Due to the climatic conditions, the vegetarian cuisine of Kerala includes vegetables and fruits that are not commonly used in other Indian regions, such as pumpkin, plantains and taro. Meals such as "Pathiri", a rice pancake usually served with a meat curry, "Porotta“, a layered flat bread, and the Kerala versions of the traditional "Biriyani" curries are all based on cultural influences of Southeast Asia and Arab countries.
Cooked vegetable curries with rice are a typical South Indian lunch. They are usually being prepared with coconut oil. Instead of using plates, the curries and chutneys are often served on fresh green banana leafs.

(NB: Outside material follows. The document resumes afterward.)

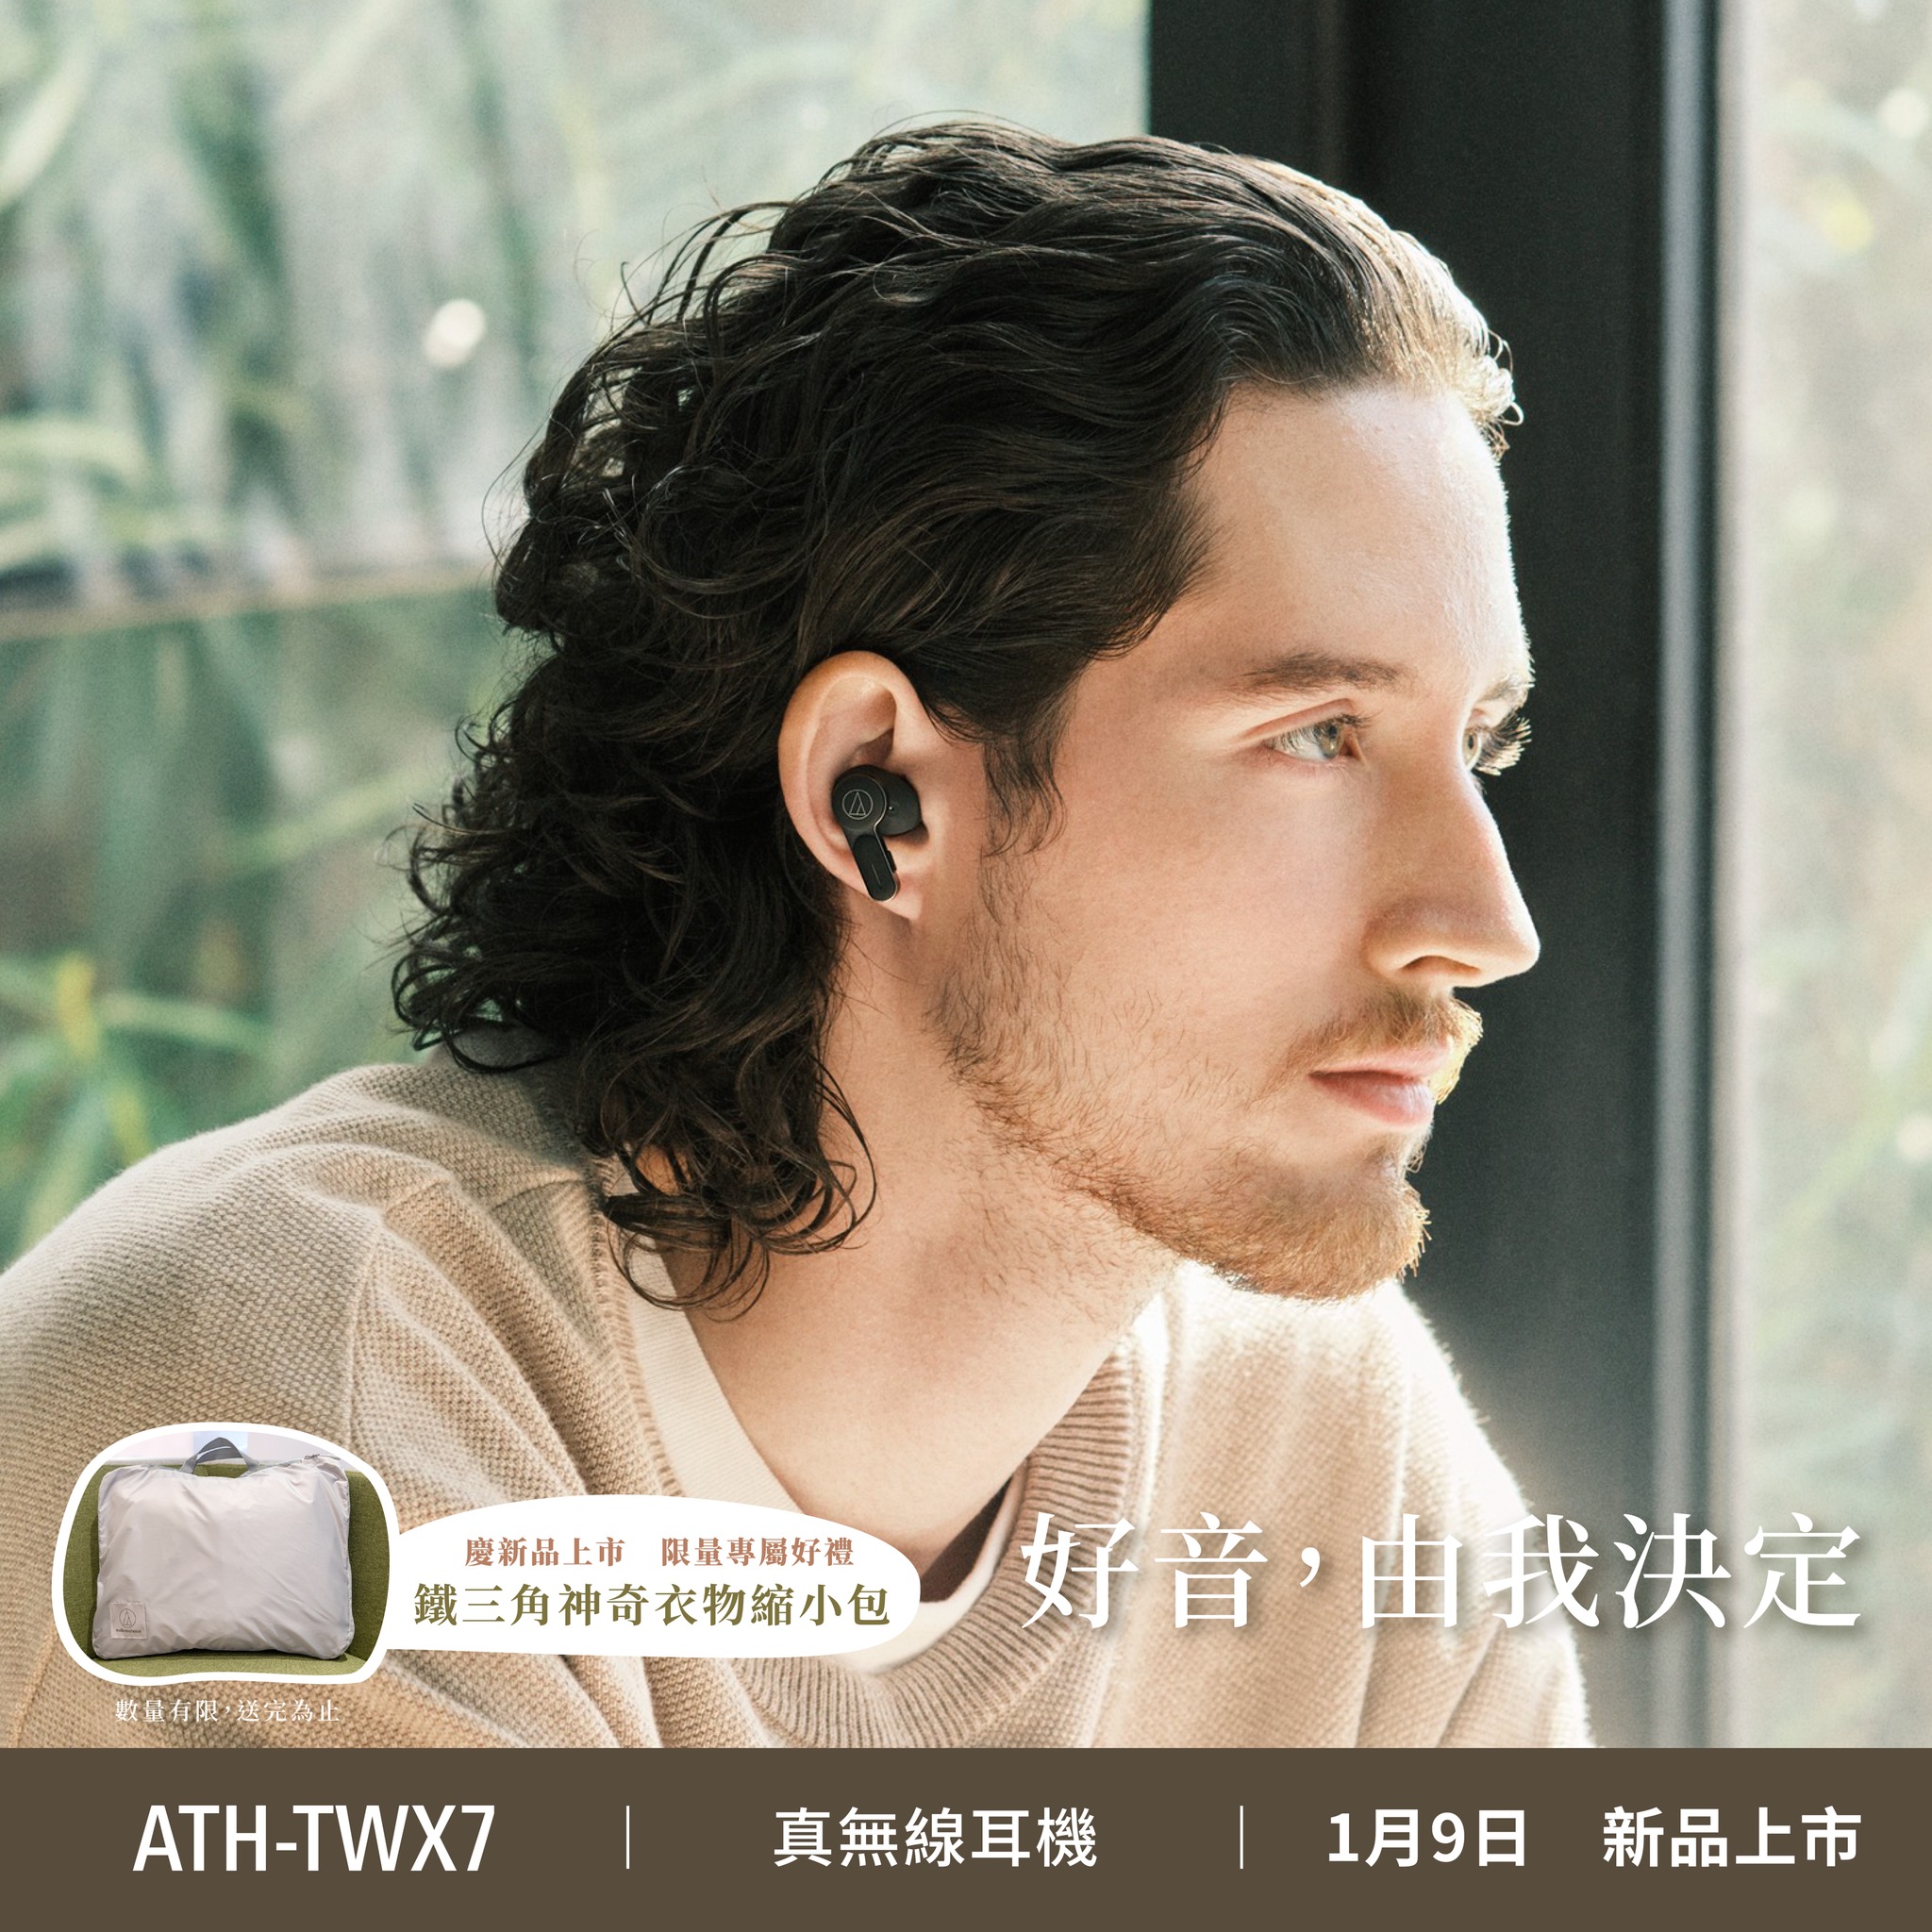 真無線耳機ATH-TWX7 專屬好禮 鐵三角神奇衣物縮小包， 將更多的行李空間還給自己，珍惜屬於自己的個人空間與時間。 | 恩典電腦官方網站

This is usually done in a very elaborated way called “Sadhya” during religious festivals such as "Onam”. Typical festival dishes which are being served this way include "Aviyal", a cream made from various vegetables, coconut, curd and sometimes fresh curry leafs, "Sambar", a lentil dish including tomatoes and spices such as Masala, and "Kaalan", which is made of yoghurt, coconut and a particular kind of vegetable for instance plantains or manioc.
With Meera, it is also possible:
Maximum Duration: 2 weeks (for longer duration, you can work in the kitchen of a restaurant of high standards)
Language Requirements: English
Location: Cochin/Kerala, India
Price: In Tab "Rate"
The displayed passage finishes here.